I have no doubt Canon could market a 24-70 F/2.8 IS -- it's probably been made before. It will be big, it will be heavy, and it will be expensive. I think they'll let Tamron (and likely later Sigma) scoop up some business with such a lens, but Canon will hold off on theirs until Nikon surfaces with theirs, much like they do with big new body announcements.

At face value, many have stated that the new 24-70 Ls are now sizing up to the 70-200 model:


Two smaller diameter / weight lenses at F/4, one with and one without IS.
Two larger diameter / weight lenses at F/2.8, one with and one without IS.
 
I, for one, love this model. Opt in for 2.8 or IS or both as you wish, from $700 - $2300 or so. In almost all cases, you get exactly what you pay for. Hate what that price is, but you can't disagree with the usefulness of each feature or why the prices were staggered as they were.

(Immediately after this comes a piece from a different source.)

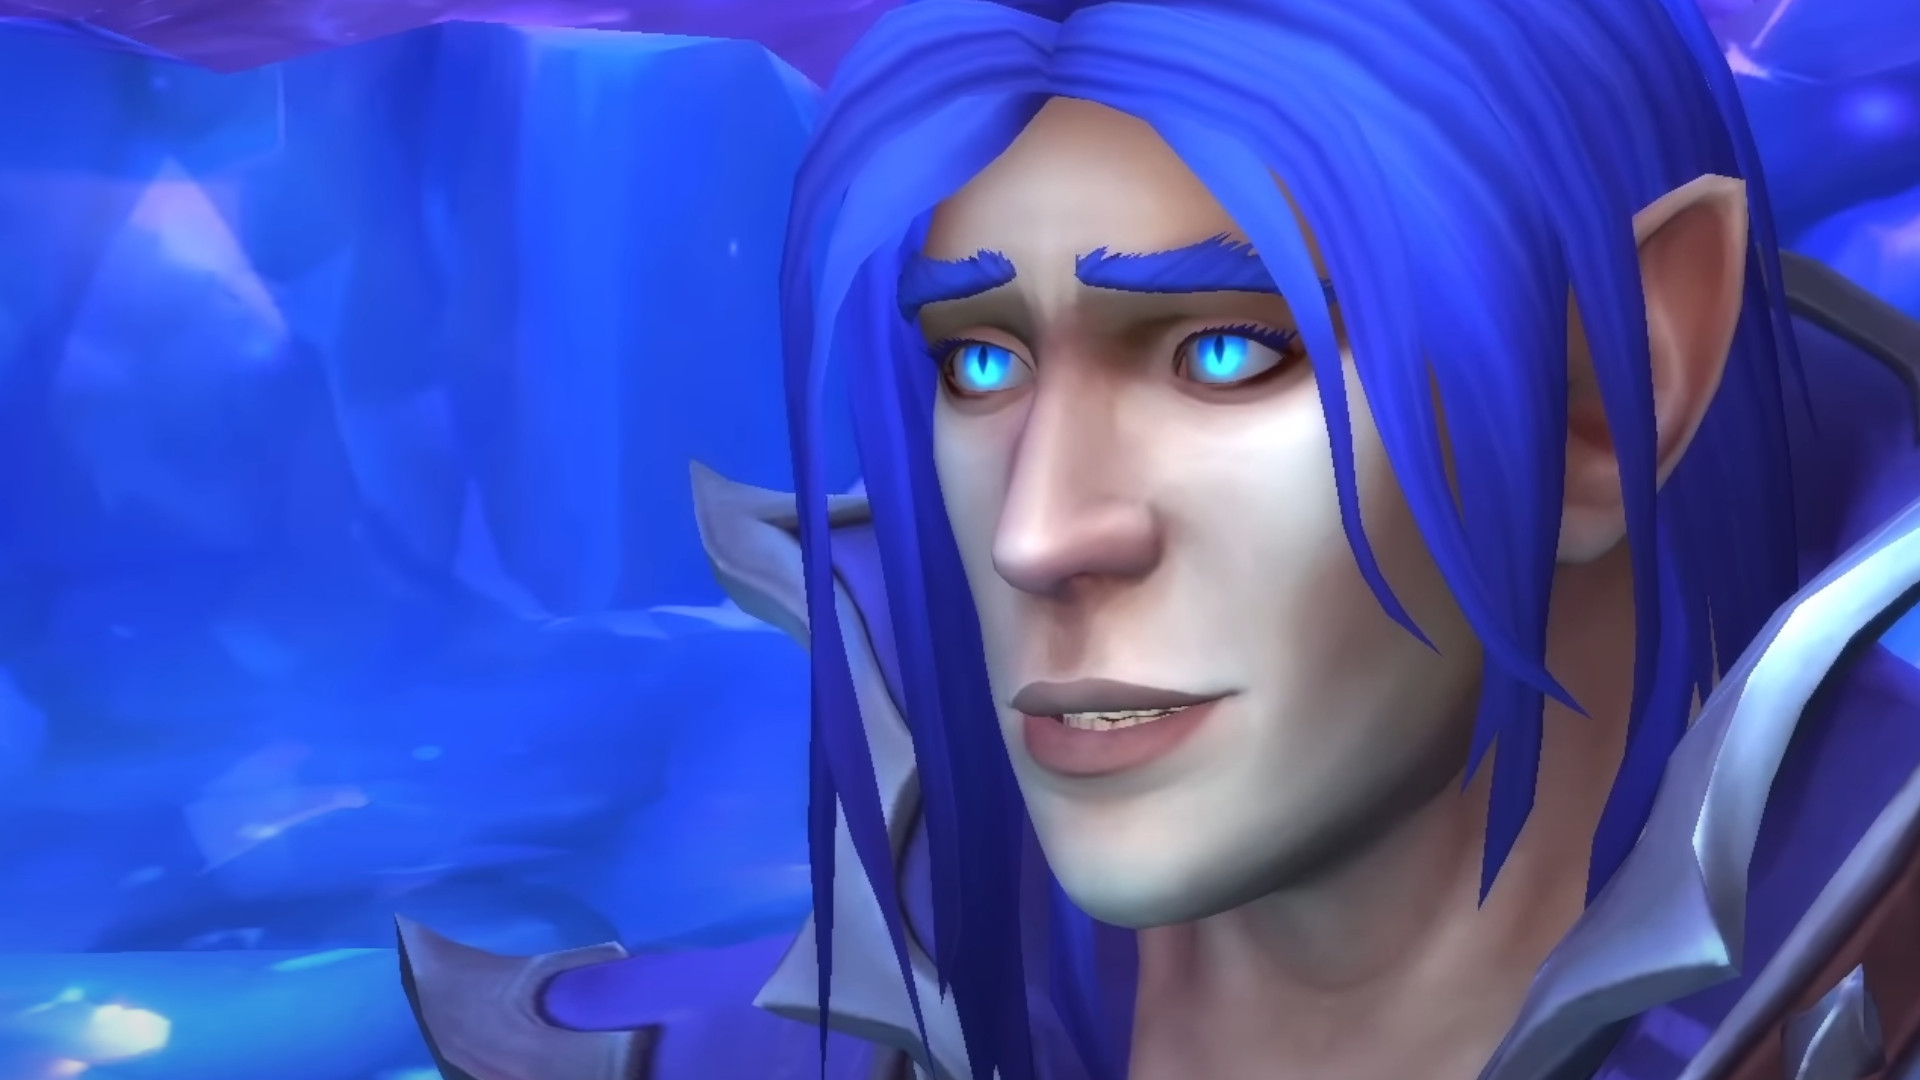  World of Warcraft player gets visited by benevolent twink 'Boostlord', a level 10 monster mage juiced up on funky dungeon scaling 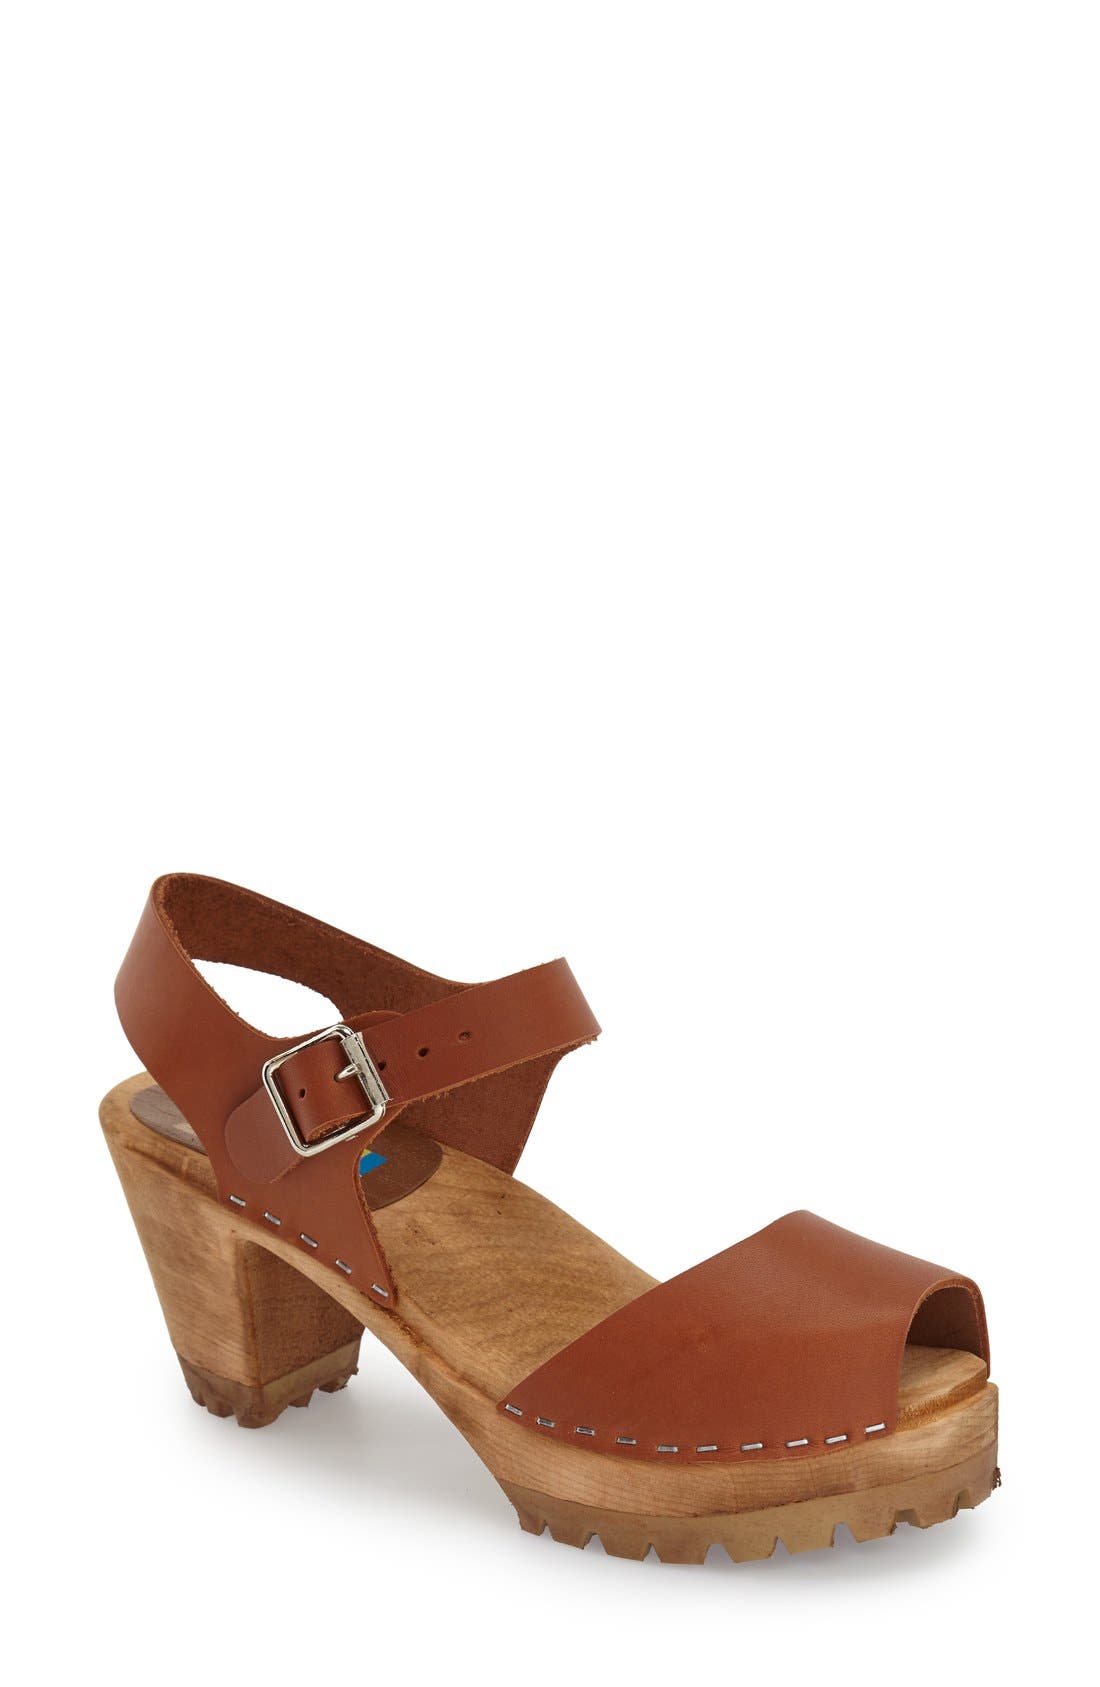 nordstrom womens clogs

It's just so very odd that, despite this similarity, they are doing some odd things here. Presuming that there are indeed four L 24-70s in our future: 


Canon is first coming to market with their 2nd and 3rd best lenses of those four. Very odd.
The lenses Canon led with already have decent offerings today -- they aren't perfect,_ but they exist_. In contrast, the F/2.8 IS and F/4 non-IS are nowhere in sight. The former is deeply desired, and the second could be a sleeper budget L lens (Say, $600-700) that many would grow to love over time like the 17-40 F/4L or 70-200 F/4L.
Though it's only two lenses so far, the F/4 lens is not as sharp as the F/2.8 (with 70-200, F/4 glass is almost as good as the 2.8 )

I just don't get it.

- A


----------



## RLPhoto (Feb 2, 2013)

This lens was DOA. It really needs to be around 749$ for me to ditch my 24-105L.


----------



## bholliman (Feb 2, 2013)

RLPhoto said:


> This lens was DOA. It really needs to be around 749$ for me to ditch my 24-105L.



+1 

This lens is badly overpriced for what it brings to the table. I think Canon is going to be forced to dramatically drop the price in order to sell these things.


----------